Skip the pictures, please, and write out exactly every line from the one containing "Null PERIÓDICOS PATRIÓTICOS" through the end of the listing below.

+++ SUPPLIED DATA

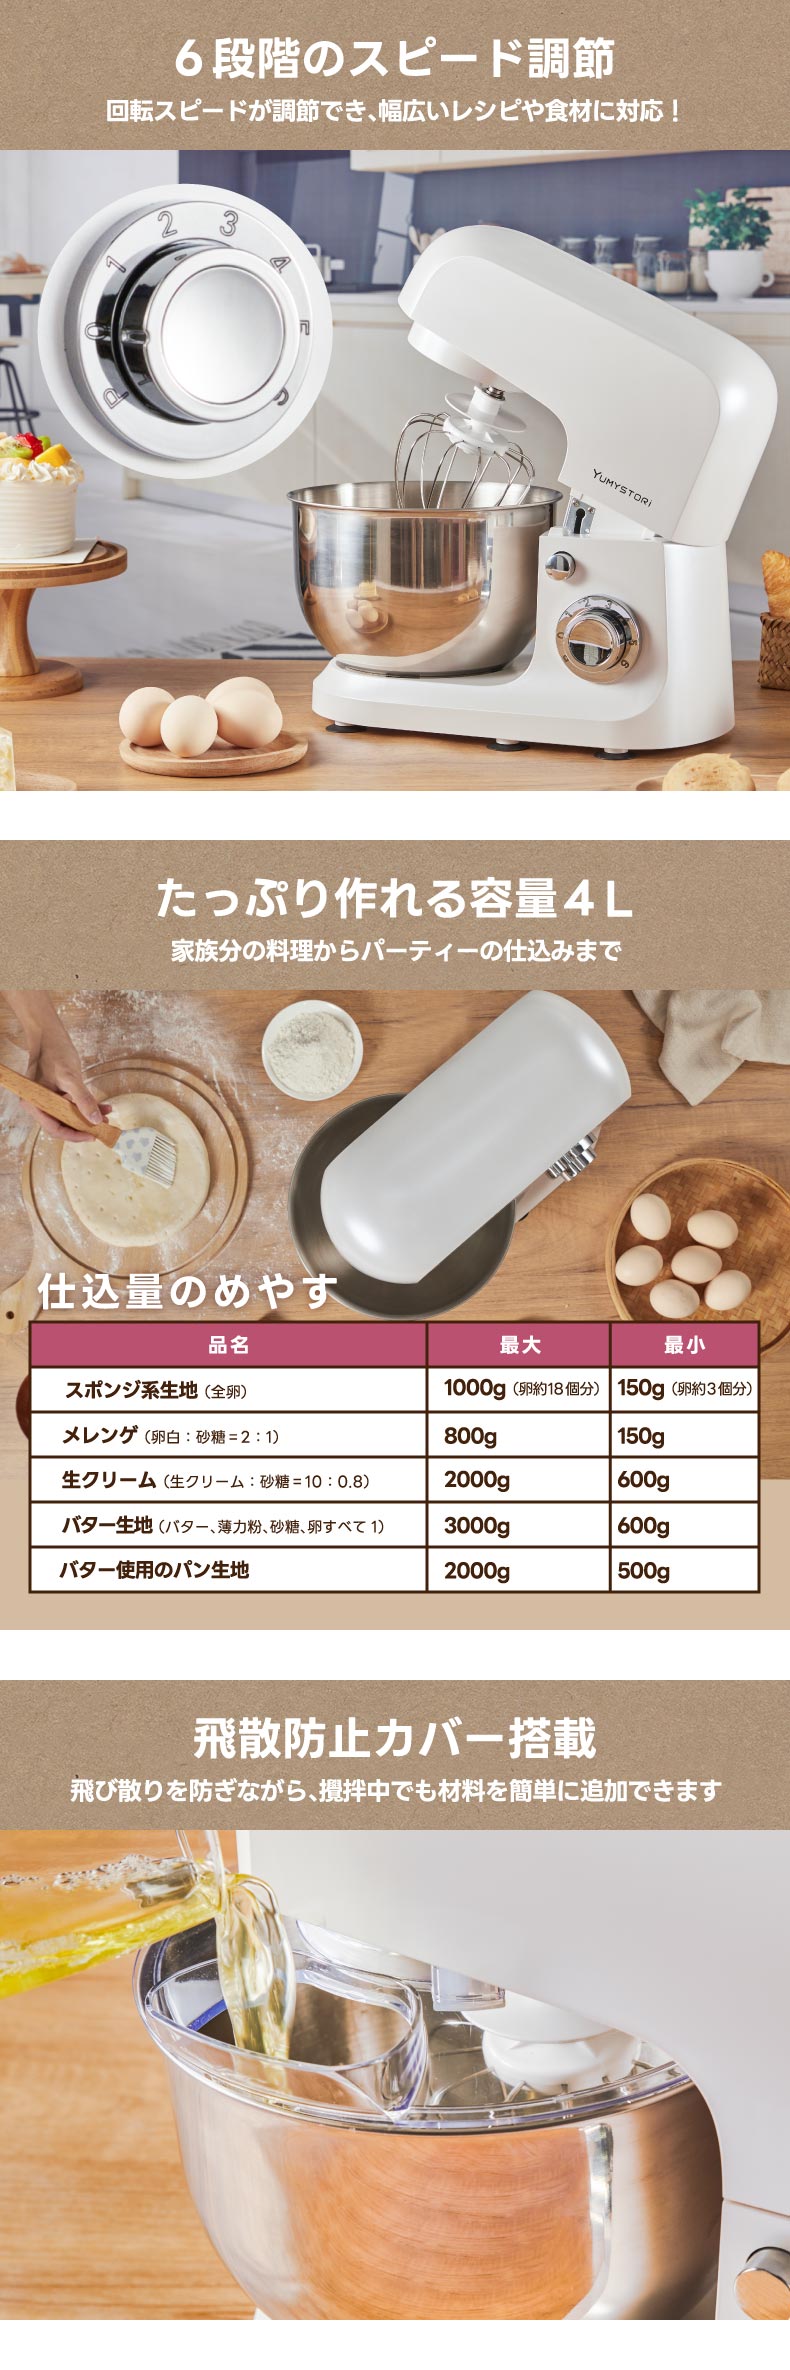 スタンドミキサー 攪拌機 yumystori 電動ミキサー 大容量 4L 卓上型 
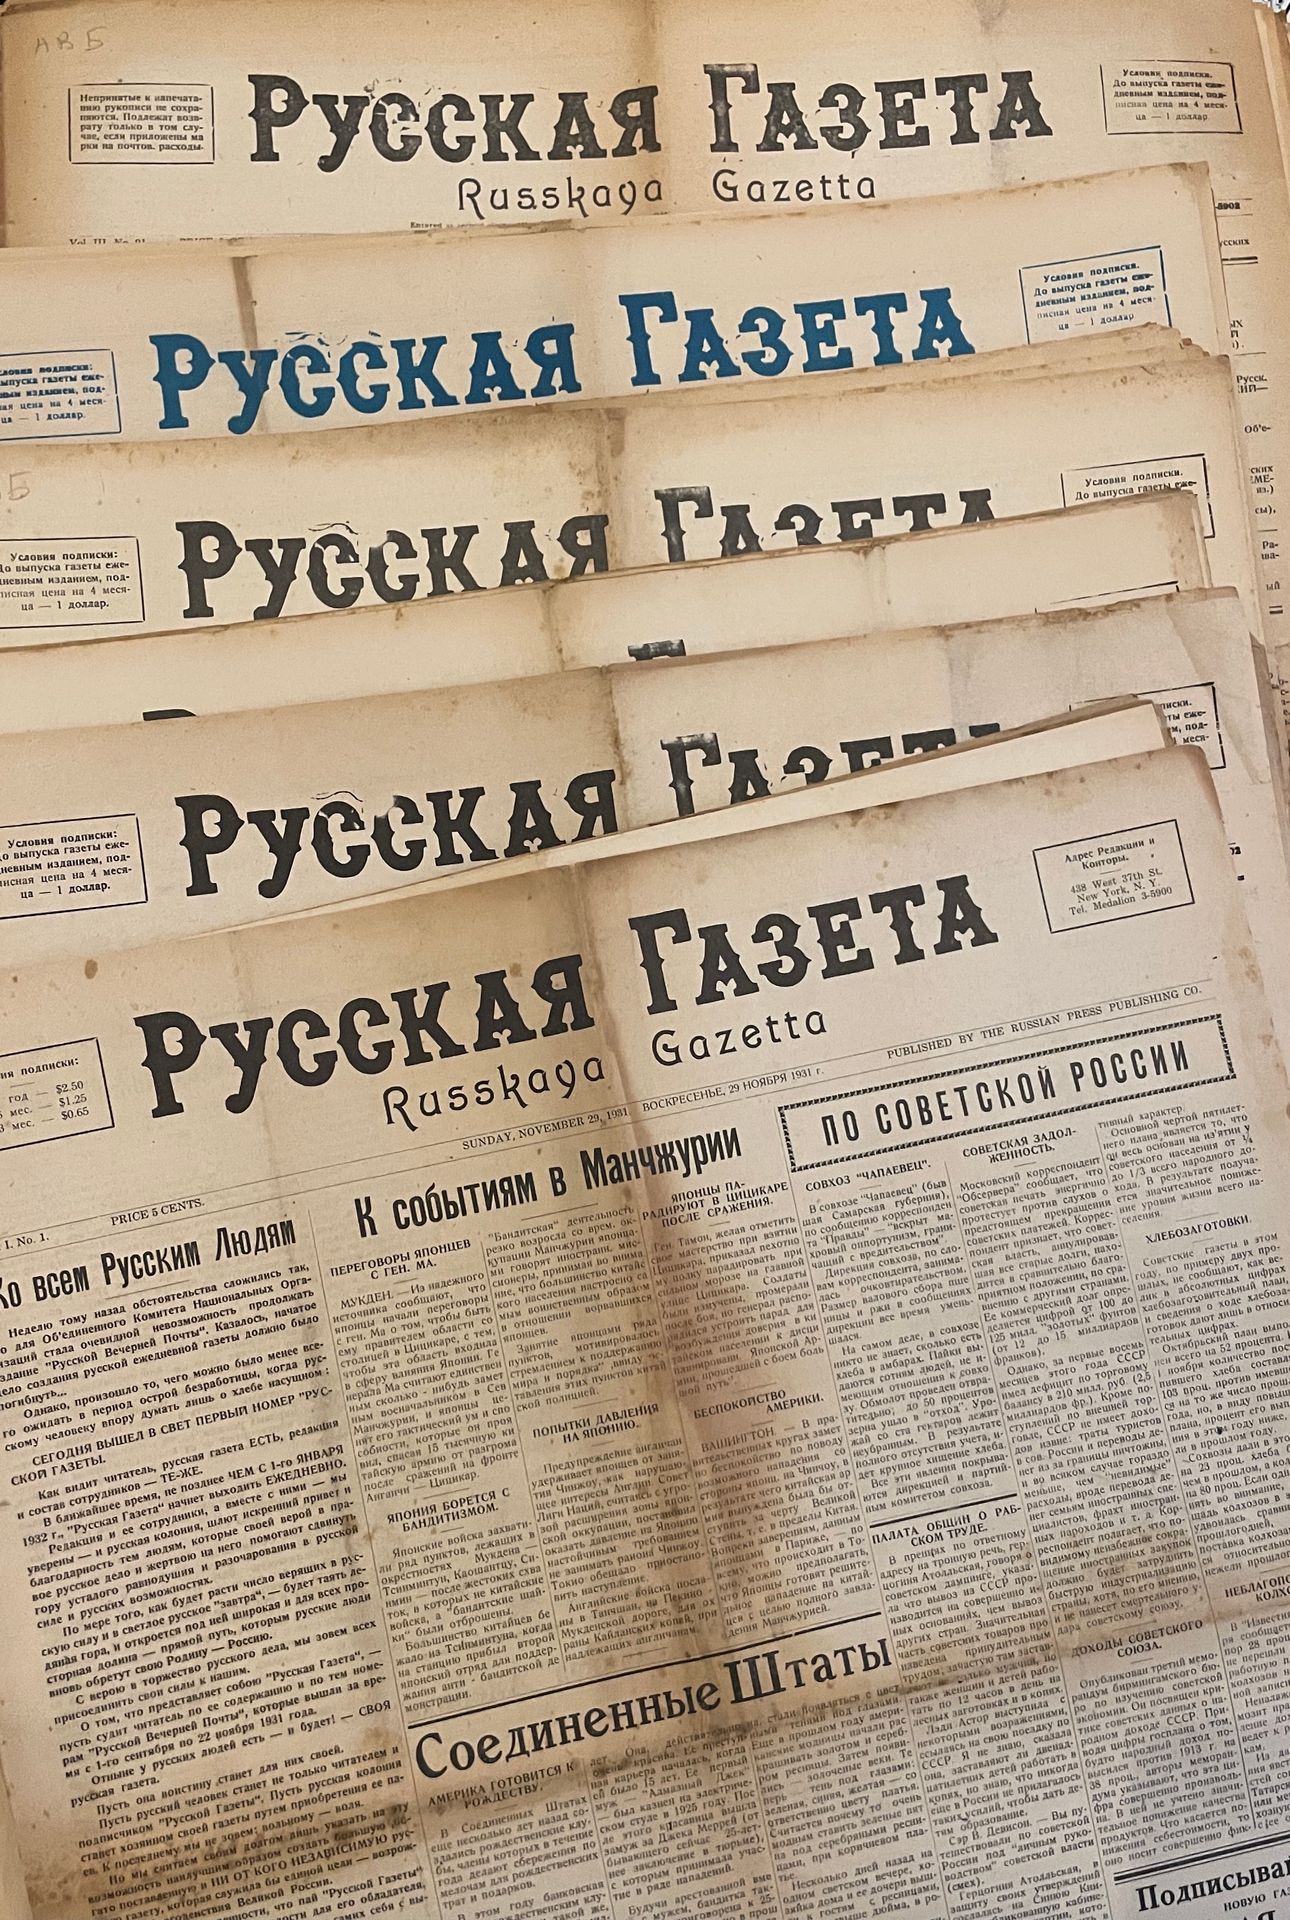 Null PERIÓDICOS PATRIÓTICOS de la emigración rusa

"Diario ruso". 1931-1934. 

П&hellip;

++++++

» **SOLVED EXERCISE**:
 Null PERIÓDICOS PATRIÓTICOS de la emigración rusa

"Diario ruso". 1931-1934. 

П&hellip;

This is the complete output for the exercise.